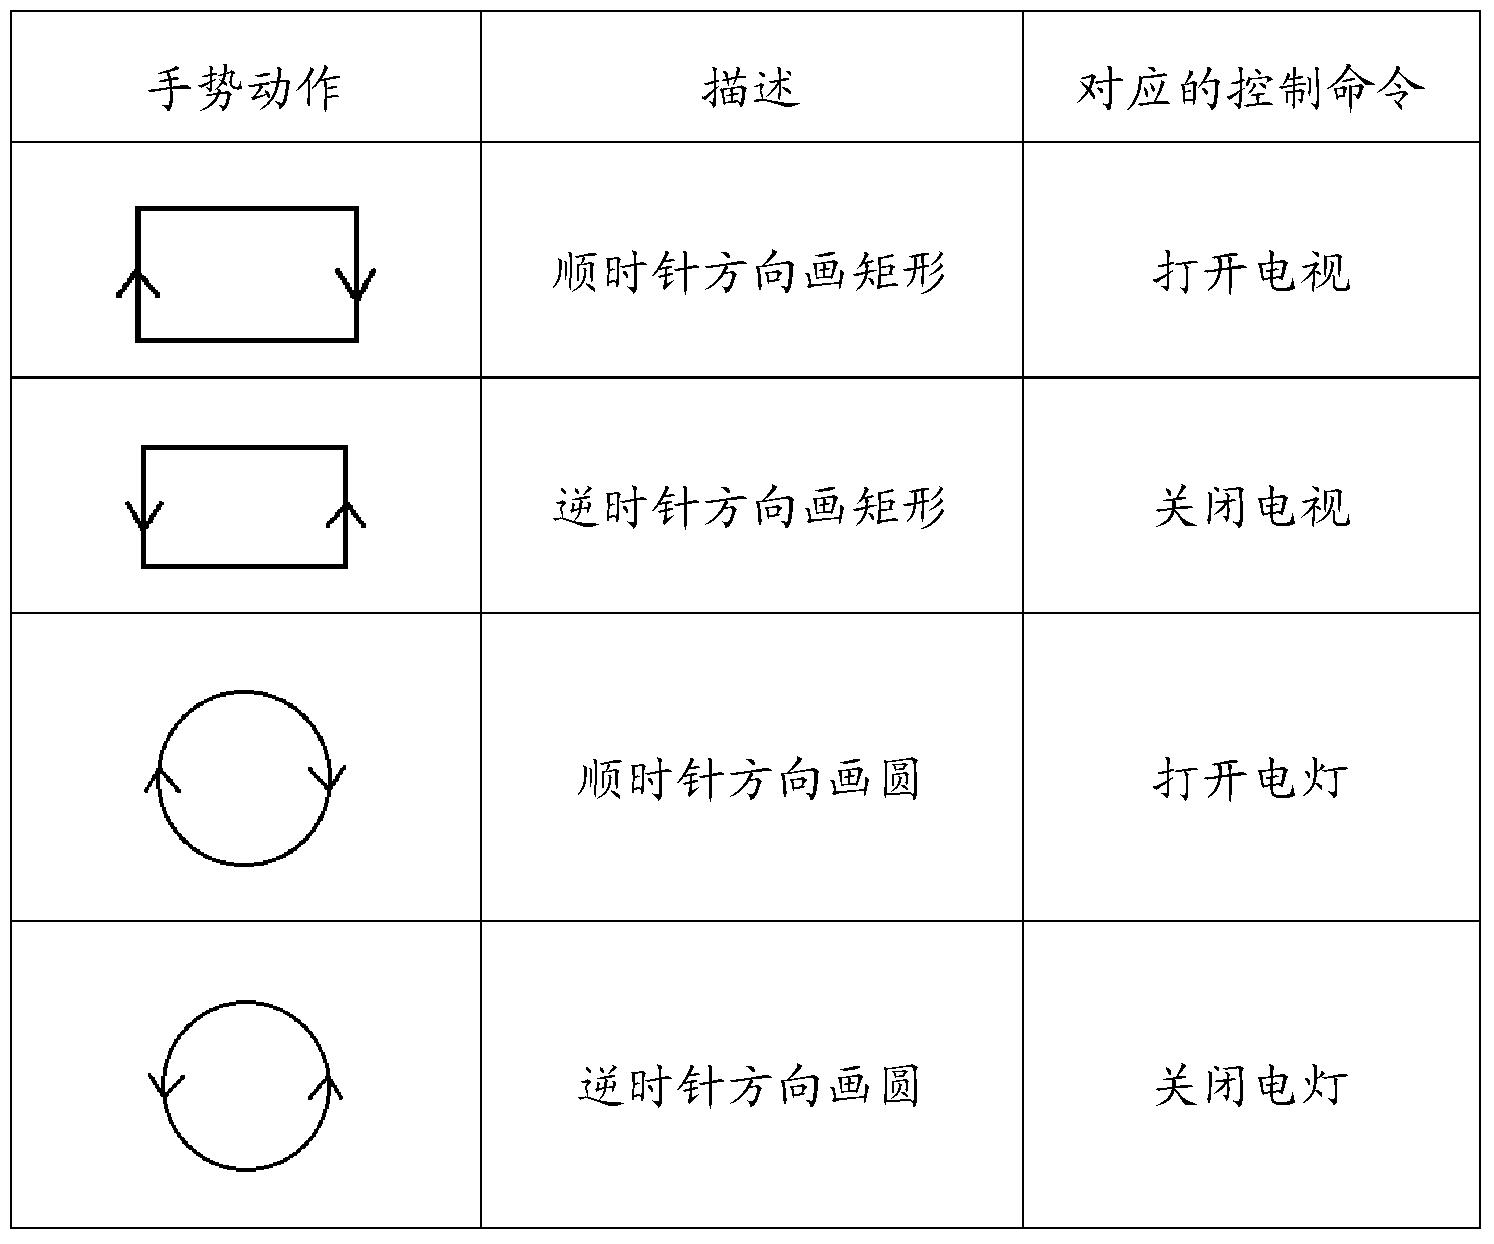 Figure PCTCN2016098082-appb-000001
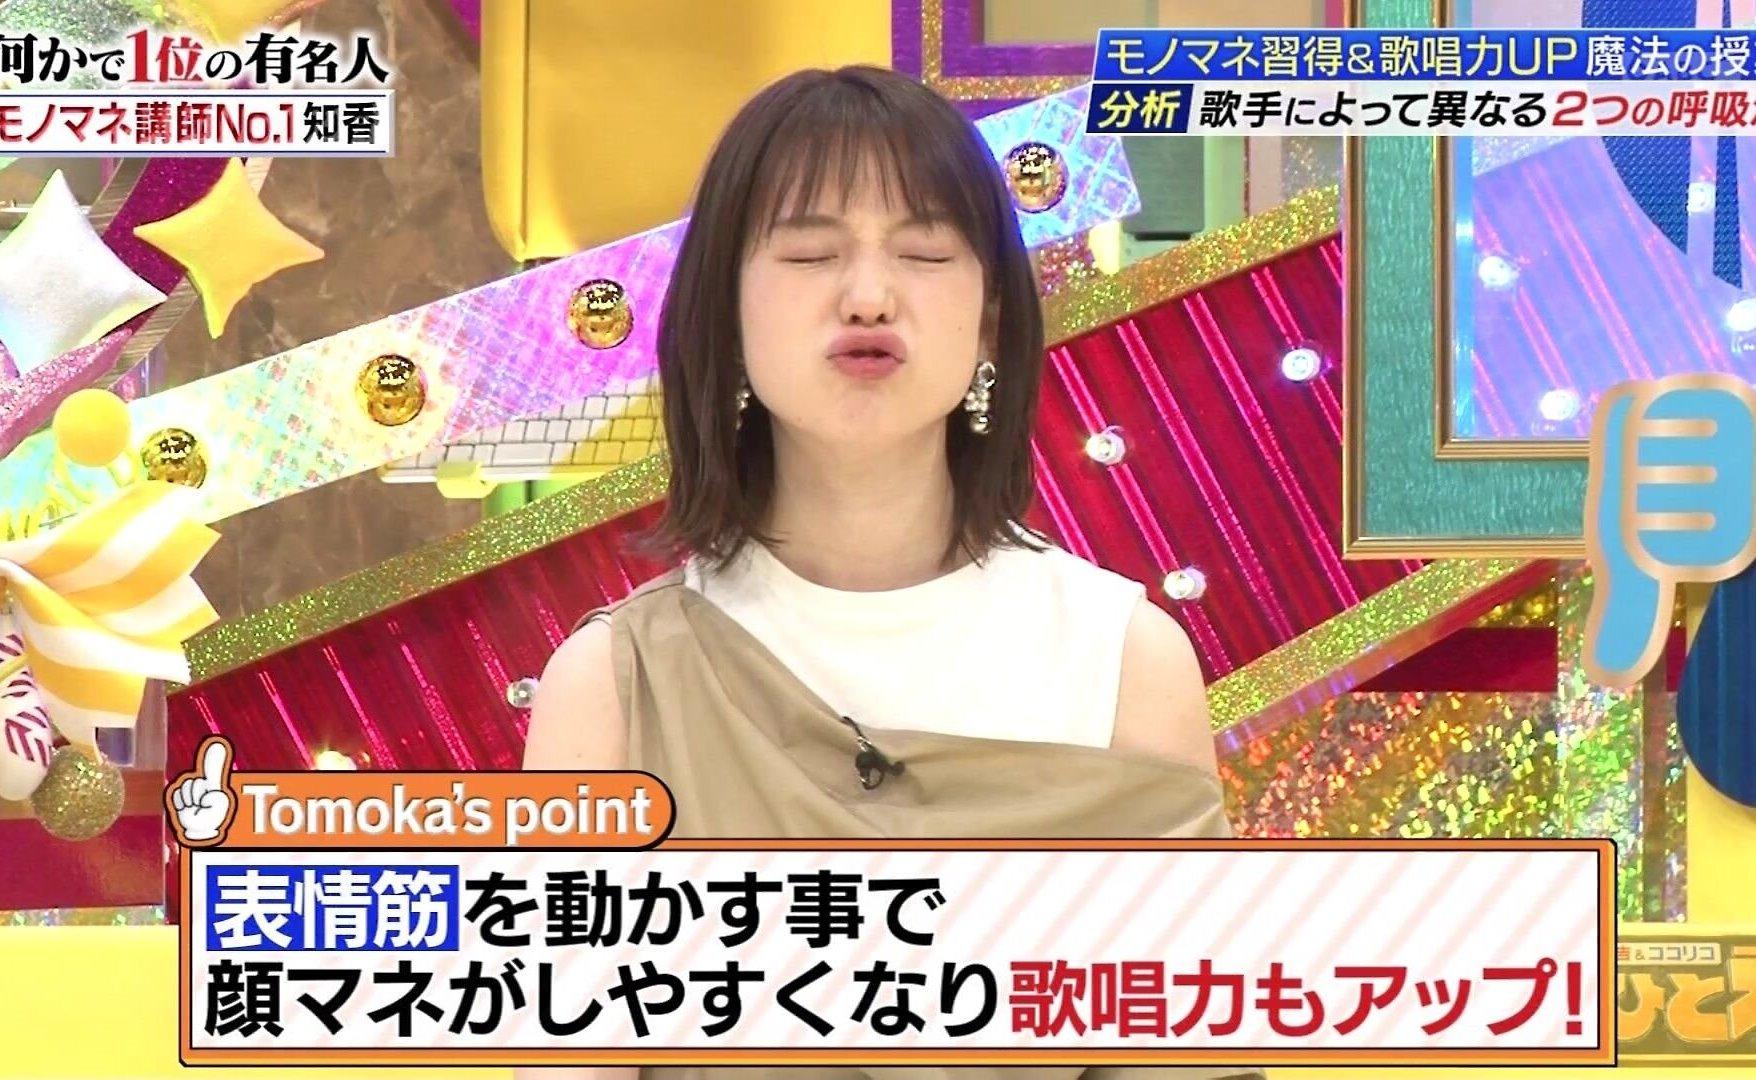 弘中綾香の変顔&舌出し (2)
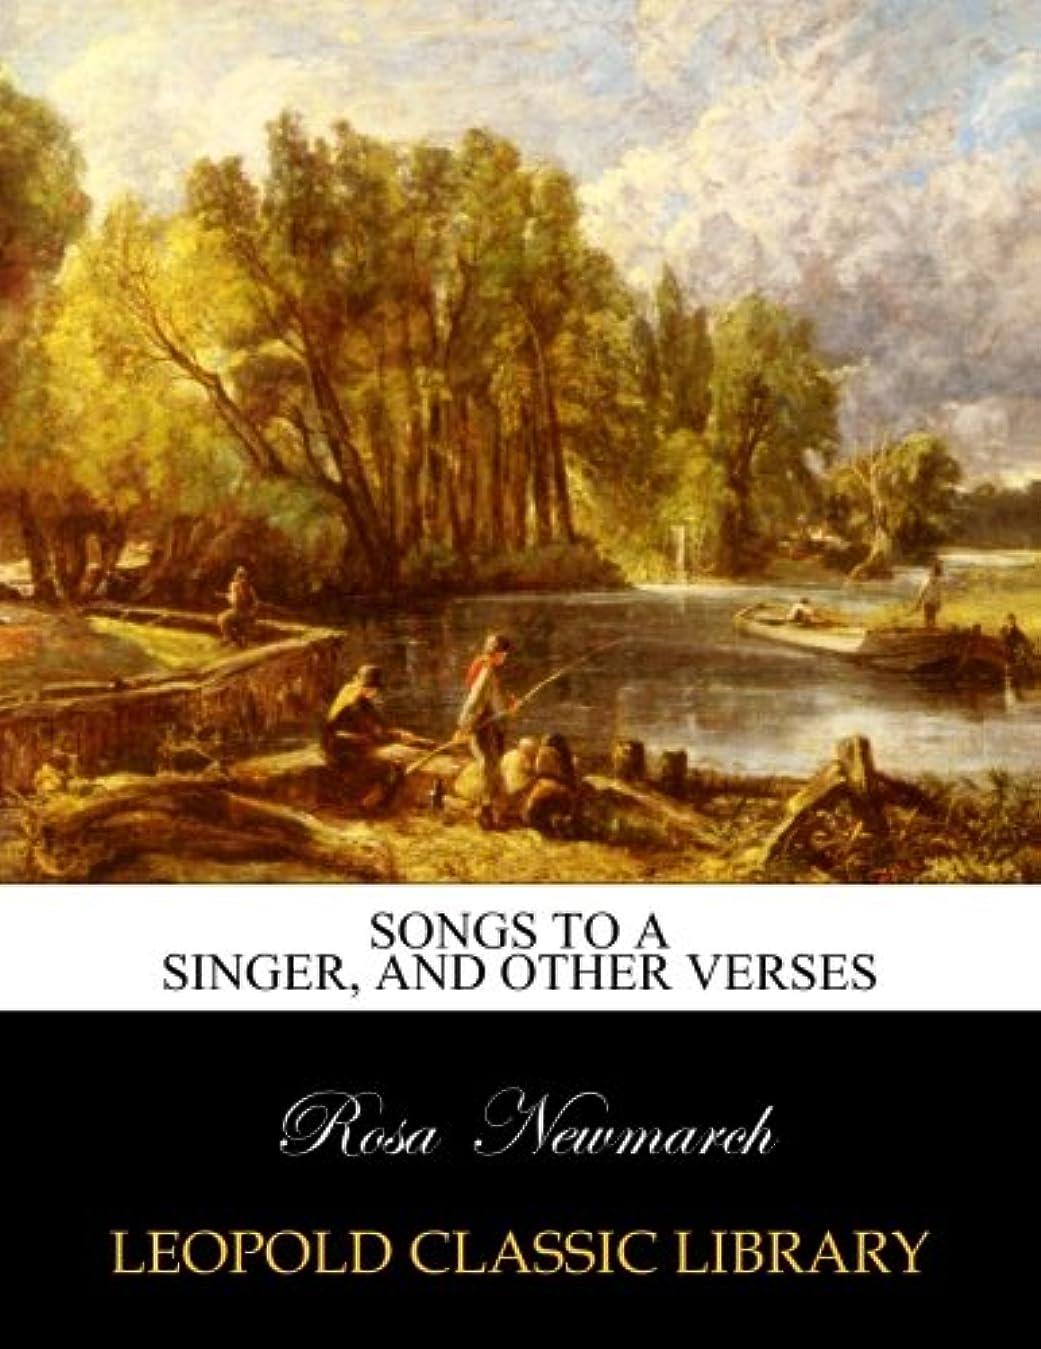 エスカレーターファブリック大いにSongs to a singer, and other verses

[Task details]: Keep every word of the data as it is when you write it out, but drop the pictures.

[Exercise result]:
 Figure PCTCN2016098082-appb-000001
 弘中綾香の変顔&舌出し (2)
 エスカレーターファブリック大いにSongs to a singer, and other verses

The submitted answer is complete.